The listeners were asked to decide if there was any “odd word” that was different from the other two. The change trials always contained an odd item. For example, a change trial testing the T1-T2 pair might consist of ‘mā2’-‘mā1’-‘má3’ (where the subscripts indicate different speakers). The correct response for change trials was the button (‘1’, ‘2’, or ‘3’) indicating the position of the odd item, which occurred with equal frequency in all three possible positions. The position of the “odd word” was not fixed, which increased task uncertainty. The change trials tested the participants’ ability to respond appropriately to relevant phonetic differences between tokens and to distinguish tones drawn from two different categories.

The correct response to no-change trials, which contained three different instances of a single category (e.g. /dǐ/3 /dǐ/1 /dǐ/2 or /bà/1 /bà /3 /bà/2), was a fourth button marked ‘NO’. The no- change trials tested the participants’ ability to ignore audible but phonetically irrelevant within-category variation (in e.g. voice quality). The listeners were required to respond to each trial, and were told to guess if uncertain. A trial could be replayed as many times as the listener wished, but responses could not be changed once given. The inter-stimulus interval in all trials was 0.5 s.

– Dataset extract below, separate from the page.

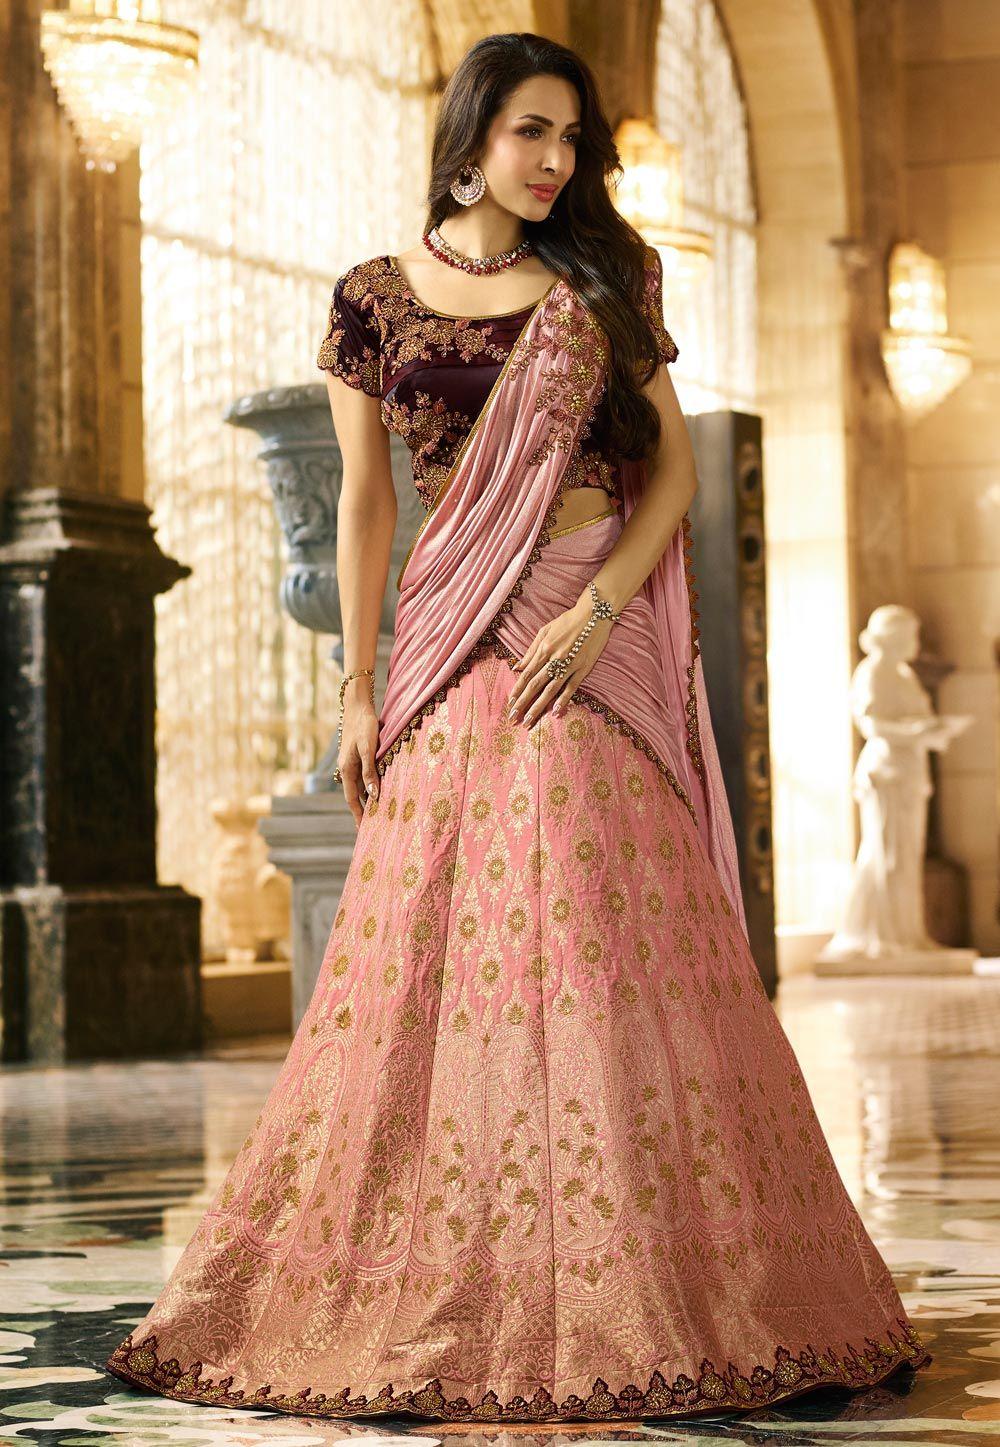 caa5676f4f Buy Malaika Arora Light Pink Banarasi Silk Bollywood Lehenga Choli 153908  online at best price from vast collection of Lehenga Choli and Chaniya Choli  at ...

A total of 360 trials were presented in three blocks of 120 trials. A different randomization was used for each block. The first eight trials in each block were for practice and were not analyzed. The resulting 336 (3 blocks x 112) trials consisted of 252 change trials testing six pairs (42 trials each for T1-T2, T1-T3, T1-T4, T2-T3, T2-T4, T3-T4) and 84 no-change trials

(21 trials each for T1, T2, T3, T4). In selecting the stimuli, care was taken so that tokens by

each of the eight speakers would be distributed as evenly as possible. The experimental session was self-paced and the listeners could take a break after each block if they wished.

Responses to the change and no-change trials were used to calculate A-prime (A') scores

(Snodgrass et al., 1985), which are an index of discrimination accuracy. These scores were based on the proportion of ‘hits (Hs)’ obtained for each tone pair and the proportion of ‘false alarms (FAs)’. If the proportion of Hs equalled the proportion of FAs, then A' was set to 0.5.

If H exceeded FA, then A' = 0.5+((H–FA)∗(1+H–FA))/((4∗H)∗(1–FA)). However, if FA exceeded H, then A' = 0.5–((FA–H)∗(1+FA–H))/((4∗FA)∗(1–H)). An A' score of 1 indicated perfect sensitivity, whereas an A' score of 0.5 or lower indicated a lack of sensitivity.

3. Results

3.1 Overall between-group differences

Figures 3 and 4 show the distribution of discrimination scores (A') as a function of group and tone pair, respectively. The A' scores for each tone pair for each group are shown in Table 2.

The mean A' scores averaged across the six tone pairs were 0.72, 0.65 and 0.98 for Australian

English, Burmese and Mandarin groups, respectively. Not surprisingly, the Mandarin listeners who were included as controls showed a more accurate level of discrimination than the two non-native groups (Table 2). However, it is notable that the Australian English group had a higher mean A' score than the Burmese group, despite the lack of any L1 lexical tones.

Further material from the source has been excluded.